Her skin was soft. Warm. Her mouth pliant. When she opened to him, he tasted her, the lingering sweetness of the berry intensifying the kiss.
God, never again would he be able to be near those little red bastards without being thrown back to this moment.
Grace clutched at him, ready and willing. Her hands began exploring him. Corbeau moaned.
She pulled away.
In the space where a heartbeat should have been, his hung suspended, prisoner of fear. It was too much. His need, his want, his desire. He’d frightened her.
“We can’t do it down here, my lord.”
Corbeau halted. Do
it
?
She wasn’t talking about… He searched the depths of her eyes. Save him. She was.
“Have you ever…” He pulled back enough for her to know what he was talking about by what she could read in his face, saving him having to find an appropriate term. “…before? It’ll make no difference if you have.”
“Of course not.”
Guilt palpated in his gut. He pulled his fingers through his hair. “Oh, Christ.”
“What?”
“Grace.” He braced himself for the confession, his insides stiff as if they’d been dipped in tar and left out on a February night. “There was a time before I knew you. Then, I did know you, and I didn’t…and then a time after, a long time after, when I thought I could never have you—”
“Shh.” Wearing a secretive little smile, she put a finger over his lips. “Don’t let that be any objection, my lord. I don’t care. I promise you I don’t.”
“You’re too good for me, my lady.”
“I’m keeping no score. Neither should you.”
“I think you just proved me right.”
Her hand grazed down the length of his arm. She laced her fingers with his and squeezed. “Where can we go?”
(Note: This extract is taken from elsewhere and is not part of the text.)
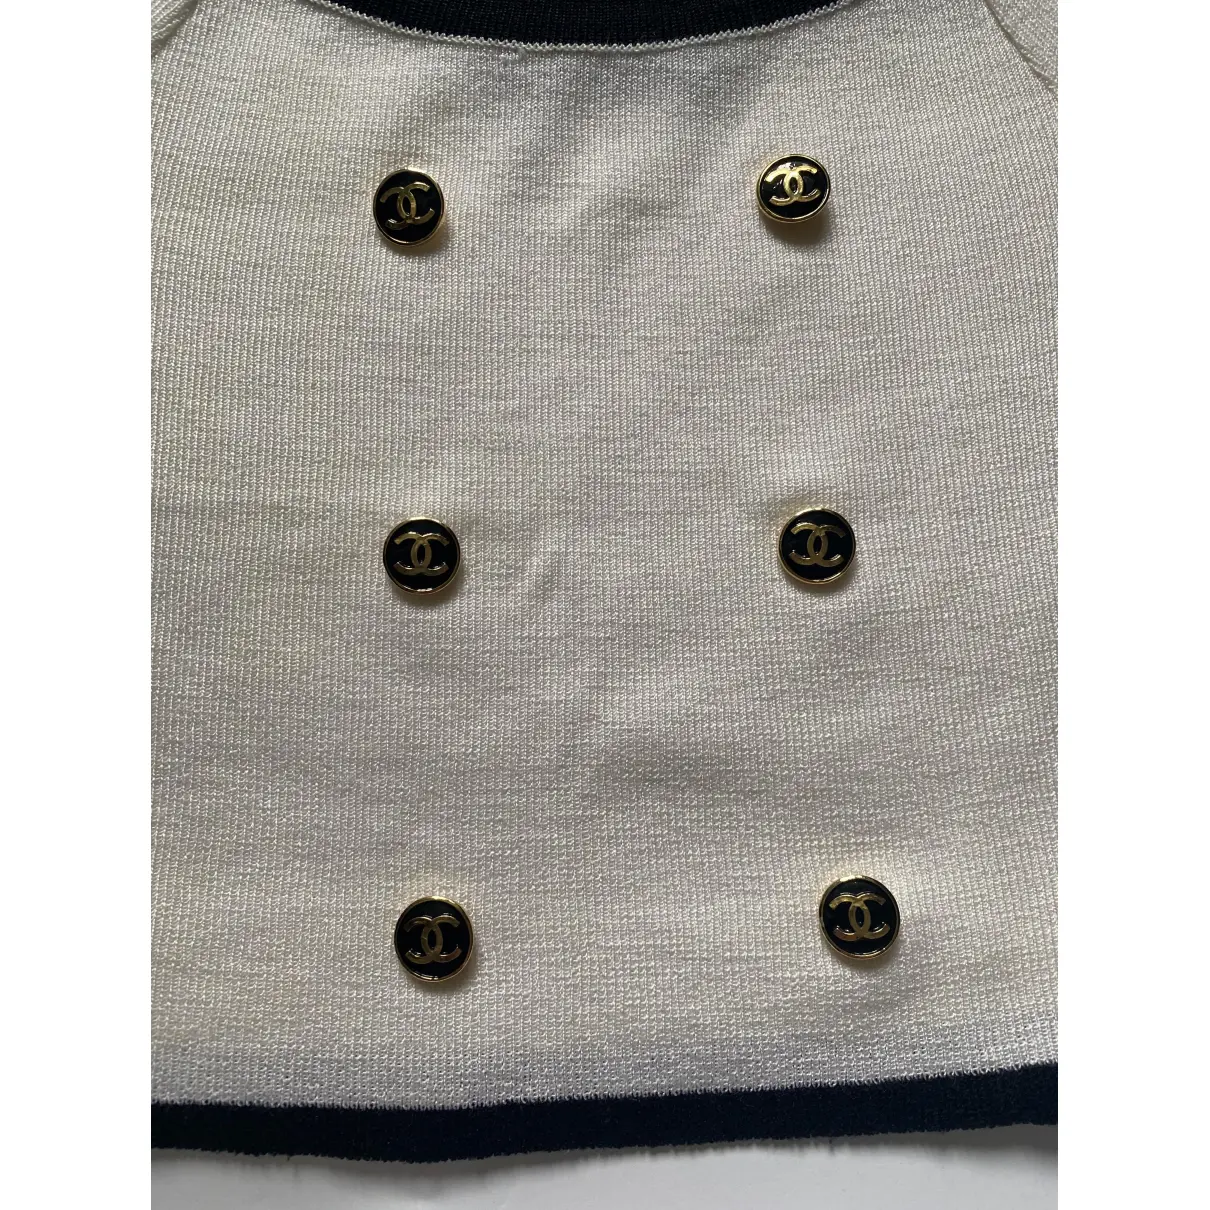 Buy Chanel Silk jersey top online - Vintage

“Grace, you don’t know what you’re asking.”
“You’re wrong. I do.” Her whisper lowered and her chin dipped, but she kept her gaze upon him steady. “And I want to.”
“I wouldn’t have any honor if I let this go any further.”
“A kiss preserves your honor, but more wouldn’t?”
He shook his head. “Don’t try to outwit me with logic, I beg you.”
“That can only mean you’re susceptible to having your mind changed.”
If only she knew what a man suffered with a woman who made him burn with longing. “I’m trying to do what’s right.”
The right thing to do was tell her they’d wait. They’d get to soon enough, he should say, though it’d be a rank lie. Even if they married by first light tomorrow morning and he rushed her to the conjugal bed without so much as a wedding breakfast, it would not be soon enough.
But the question endured. She hadn’t agreed to marry him. And he couldn’t have that between them. Not here, not now. The uncertainty was there, a negative answer ready and waiting to poison this.
“You’re speaking from—well, you don’t really want this, believe me, and if we do, come morning, you’ll hate me.”
The end of her first finger was tracing lazily around the pattern of his ear. “I won’t. I do want this. I want you.”
His whole body screamed with desire. What did it matter, his inner voice demanded, as he was hardly likely to last much past a thrust or two? It’d not count for anything so far as she was concerned, so why the hesitation? “There are too many risks.”
“The only one I’m seeing is the regret we’ll harbor for not taking what we want while we can.”